4  Pytorch Tutorial

4.1 Installation

The following command can be used to install PyTorch on MacOS:

pip3 install torch torchvision

After installation, try running the following code to verify that PyTorch is installed correctly:

import torch
x = torch.rand(5, 3)
print(x)

tensor([[0.7465, 0.0595, 0.8364],
        [0.6159, 0.3094, 0.3545],
        [0.2987, 0.6285, 0.2690],
        [0.5441, 0.5135, 0.8594],
        [0.6881, 0.6887, 0.2619]])

4.2 Tensors

4.2.1 Initialization of Tensors

Tensors can be initialized from lists, NumPy arrays, or using built-in functions.

4.2.1.1 From a list

# From a list
data_list = [[1, 2], [3, 4]]
tensor_from_list = torch.tensor(data_list)
print(tensor_from_list)

tensor([[1, 2],
        [3, 4]])

4.2.1.2 From a NumPy array

# From a NumPy array
import numpy as np

data_array = np.array([[5, 6], [7, 8]])
tensor_from_array = torch.from_numpy(data_array)
print(tensor_from_array)

tensor([[5, 6],
        [7, 8]])

4.2.1.3 Using built-in functions

# Using built-in functions
tensor_zeros = torch.zeros((2, 3))
print(tensor_zeros)
tensor_ones = torch.ones_like(tensor_from_list)
print(tensor_ones)

tensor([[0., 0., 0.],
        [0., 0., 0.]])
tensor([[1, 1],
        [1, 1]])

4.2.2 Attributes of Tensors

Tensors have attributes such as shape, dtype, and device that provide information about the tensor.

tensor = torch.rand(3, 4)
print("Shape:", tensor.shape)
print("Data type:", tensor.dtype)
print("Device:", tensor.device)

Shape: torch.Size([3, 4])
Data type: torch.float32
Device: cpu

4.2.3 Operations on Tensors

Tensors support a variety of operations, including arithmetic operations, matrix multiplication, and more. These operations can be performed on CPU and accelerator such as CUDA, MPS.
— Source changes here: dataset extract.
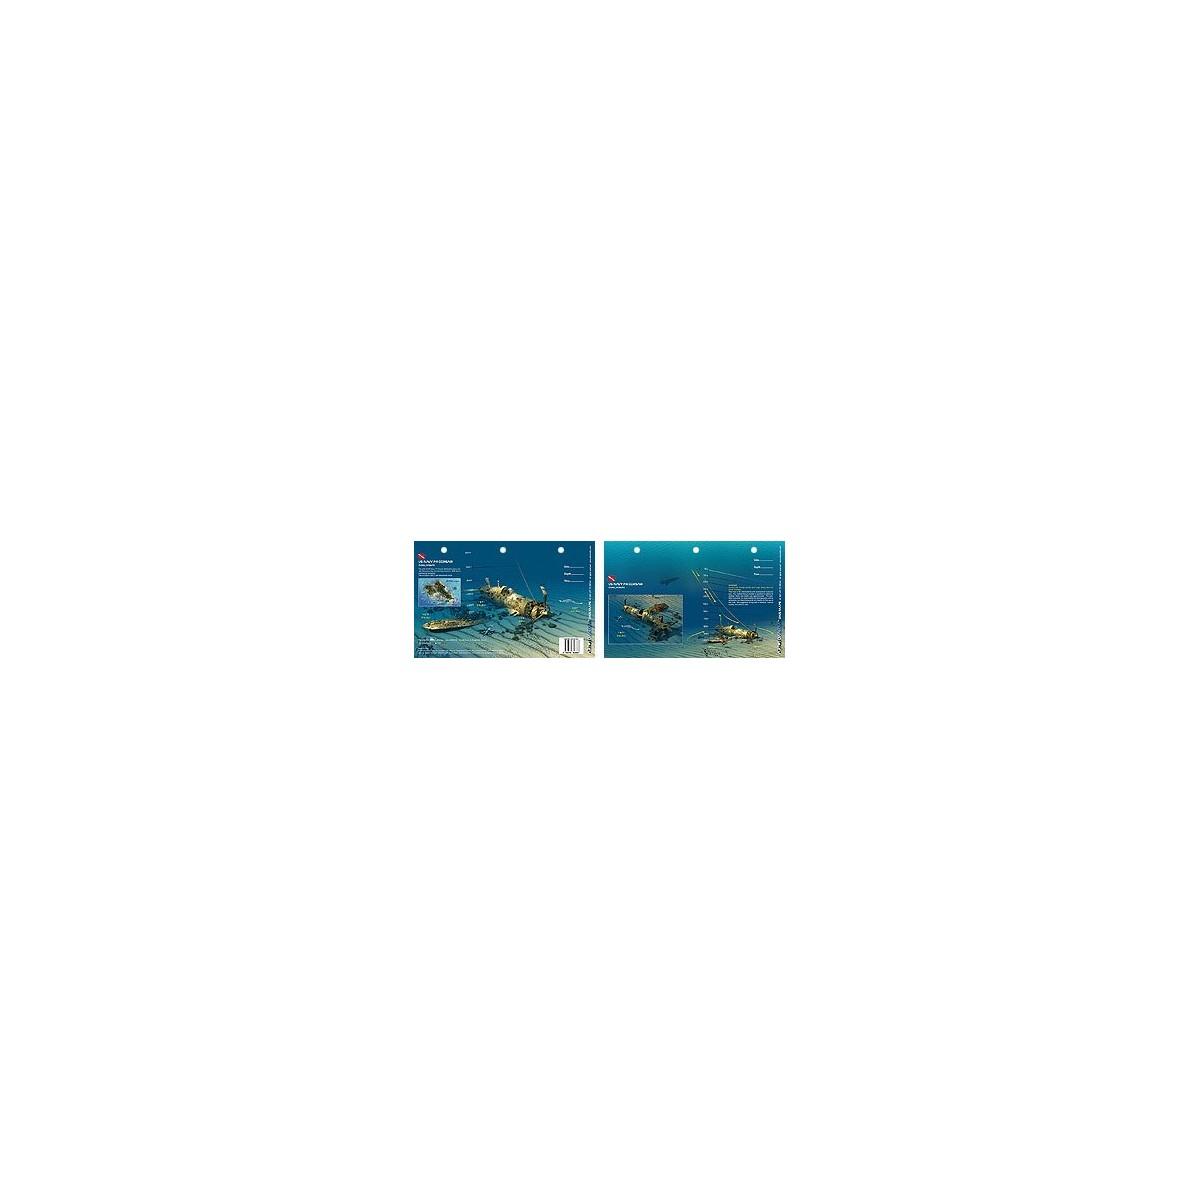 Corsair in Oahu, Hawaii (8.5 x 5.5 Inches) (21.6 x 15cm) - New Art to Media Underwater Waterproof 3D Dive Site Map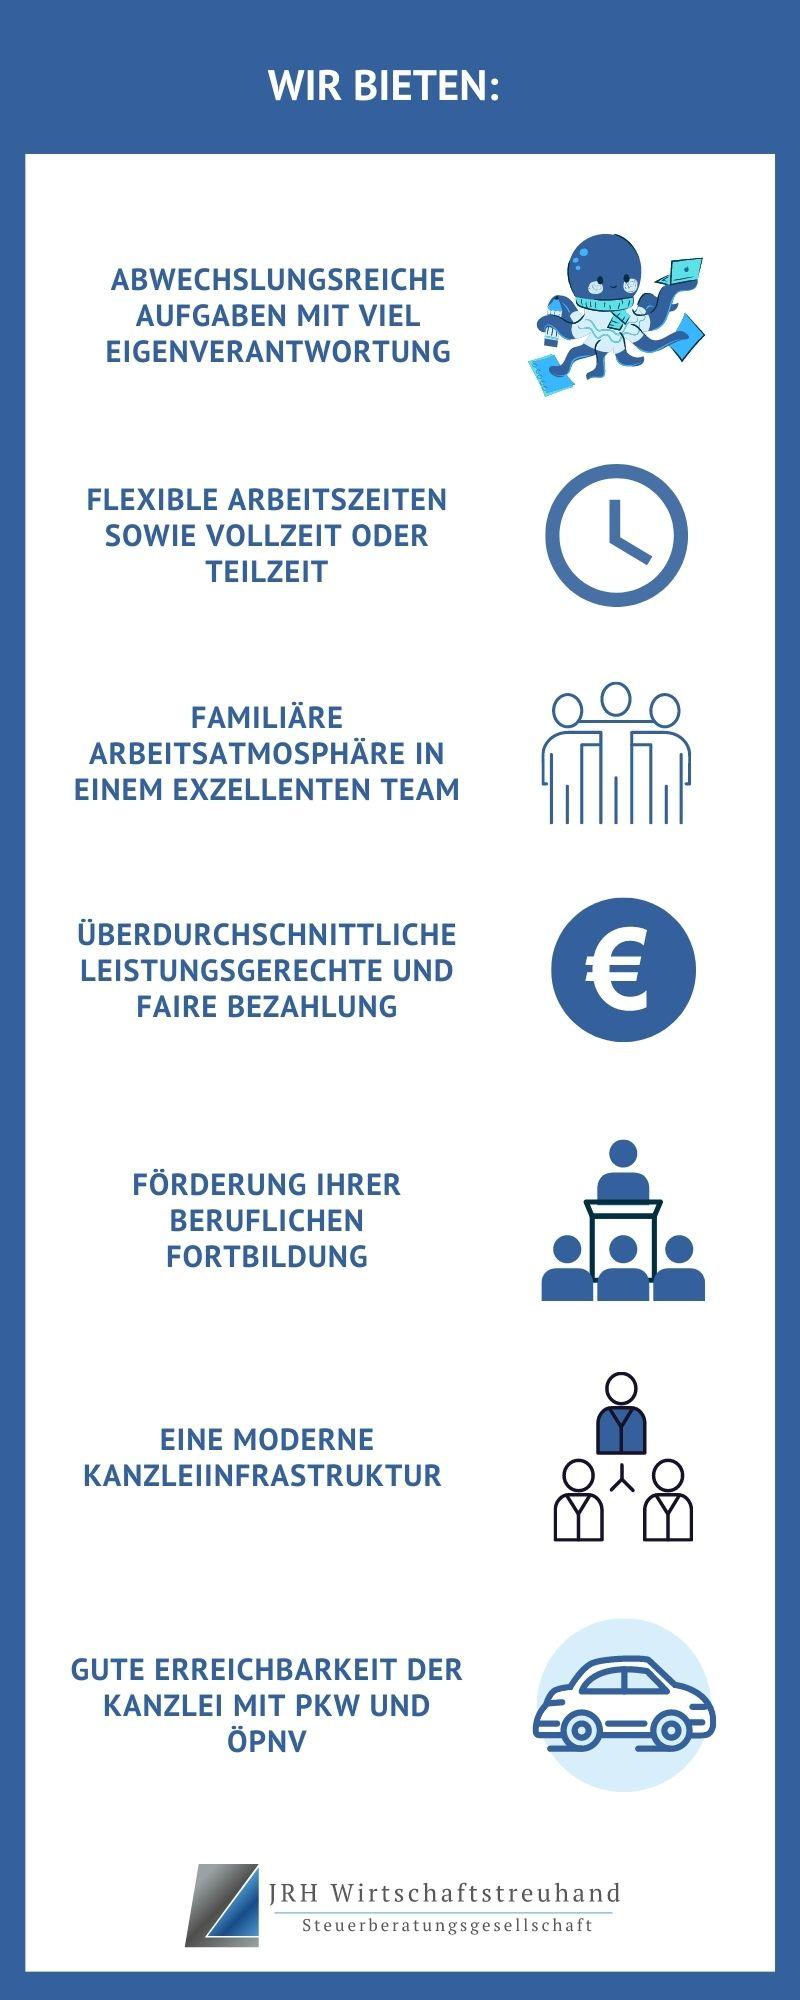 Infografik Stellenangebot: Was wir Bewerber/innen bieten

On defult, tensors are created on the CPU.

tensor = torch.rand(2, 3)
print("Device:", tensor.device)

Device: cpu

Using to method, we can move tensors to the accelerator if available.

if torch.accelerator.is_available():
    tensor = tensor.to(torch.accelerator.current_accelerator())
    print("Device:", tensor.device)

Device: mps:0

4.2.3.1 Indexing and slicing

tensor = torch.ones(2, 3)
print(tensor[0])  # First row
print(tensor[:, 1])  # First column
print(tensor[:, -1])  # Last column

tensor[:, 1] = 0  # Set the second column to zero
print(tensor)

tensor([1., 1., 1.])
tensor([1., 1.])
tensor([1., 1.])
tensor([[1., 0., 1.],
        [1., 0., 1.]])

4.2.3.2 Concatenation and stacking

tensor1 = torch.ones((2, 3))
tensor2 = torch.zeros((2, 3))
concatenated_0 = torch.cat((tensor1, tensor2), dim=0)  # Concatenate along rows
print(concatenated_0)

tensor([[1., 1., 1.],
        [1., 1., 1.],
        [0., 0., 0.],
        [0., 0., 0.]])

stacked = torch.stack((tensor1, tensor2), dim=0)  # Stack along a new dimension
print(stacked)

tensor([[[1., 1., 1.],
         [1., 1., 1.]],

        [[0., 0., 0.],
         [0., 0., 0.]]])